Amnesty International a demandé à l’État chilien de «cesser immédiatement d’incriminer le peuple indigène mapuche et ses chefs en recourant à la loi antiterroriste» après un verdict qui a condamné samedi 5 mai trois Mapuches pour la mort d’un couple d’agriculteurs dans le Sud du pays.
Photo : Amnesty International
Le 13 janvier 2013, dans une région rurale proche de Temuco, un groupe d’individus cagoulés avait attaqué le domicile du couple formé par Werner Luchsinger (75 ans) et Viviane Mackay (69 ans), à coups de feu et de bombes incendiaires, causant la mort du couple ainsi que la destruction de leur logement.
Dans un communiqué publié sur le site officiel de l’organisation, la directrice du programme Amériques d’Amnesty International, Erika Guevara-Rosa, a critiqué le processus judiciaire du cas Luchsinger-Mackay, dans lequel les trois Mapuches ont été déclarés coupables de délit terroriste d’incendie ayant entraîné la mort.
«Ce procès, marqué par de nombreuses plaintes pour irrégularités, montre bien que la justice est appliquée de façon discriminatoire contre les dirigeants des peuples indigènes. Cela porte préjudice aux accusés et viole le droit à la justice des victimes du crime qui a été commis et de leurs proches», a déclaré Erika Guevara-Rosas dans le communiqué publié par Amnesty International. «L’État chilien a l’obligation de ne pas discriminer les membres du peuple mapuche, et de garantir leur droit à un procès équitable au lieu de les taxer de “terroristes”» […] Il doit aussi faire la lumière sur ces faits et déférer à la justice les responsables présumés de la mort tragique du couple Luchsinger-Mackay, dans le cadre d’une procédure conforme aux normes d’équité des procès», a-t-elle signalé.

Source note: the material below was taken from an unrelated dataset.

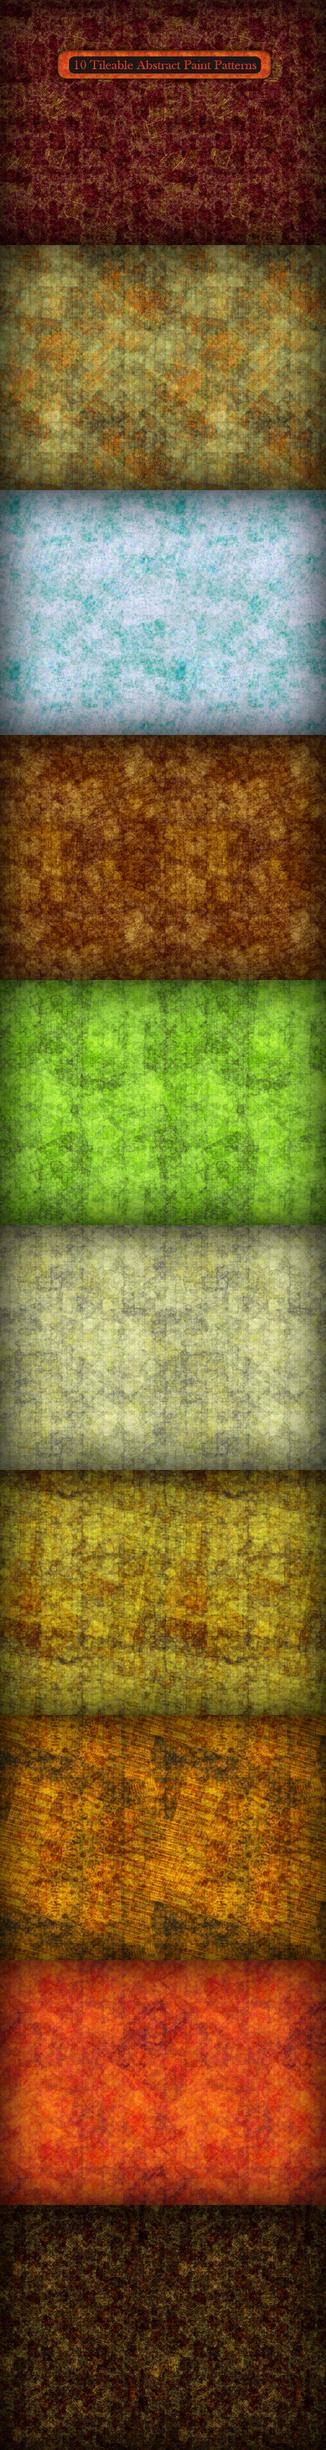 10 Abstract Paint Textures by MuzikizumWeb

Elle a ajouté que ce procès était «contraire aux règles internationales d’un procès équitable», et a condamné fermement l’application de la loi antiterroriste pour résoudre ce genre de problématiques :
«Dans la mesure où le Chili a déjà été condamné dans le passé par la Cour interaméricaine des droits de l’homme en raison de l’application de la loi antiterroriste contre le peuple mapuche, en particulier en ce qui concerne la détention provisoire prolongée et le recours à des témoins anonymes, il est scandaleux que les autorités aient ainsi insisté pour appliquer cette loi dans des conditions quasiment identiques, dans cette affaire», a-t-elle déclaré.
Le président chilien Sebastián Piñera s’est quant à lui réjoui ce samedi sur son compte twitter de l’application de la loi antiterroriste par le tribunal de Temuco et a condamné les Mapuches : «aujourd’hui, avec la condamnation de trois accusés par l’application de la loi antiterroriste, la justice a fait un grand et courageux pas en avant, et l’impunité a subi un recul nécessaire et puissant. Je réitère mon engagement de tolérance zéro face au terrorisme».
La peine contre les trois Mapuches sera rendue publique le 11 juin prochain, ce qui portera à quatre le nombre de condamnés dans cette affaire, pour laquelle le machi (chaman) Celestino Córdova a déjà été condamné à 18 ans de prison, comme auteur du double homicide.
Le sud du Chili est depuis plusieurs décennies le théâtre d’un conflit entre les communautés mapuches, qui réclament des terres ancestrales et des entreprises agricoles ou forestières qui les possèdent ; un conflit qui a dégénéré, ces dernières années, en flambées de violence dans lesquelles sont morts plusieurs Mapuches, policiers et agriculteurs. De même, plusieurs dizaines de Mapuches ont été jugés et condamnés pour divers délits, principalement des attaques incendiaires.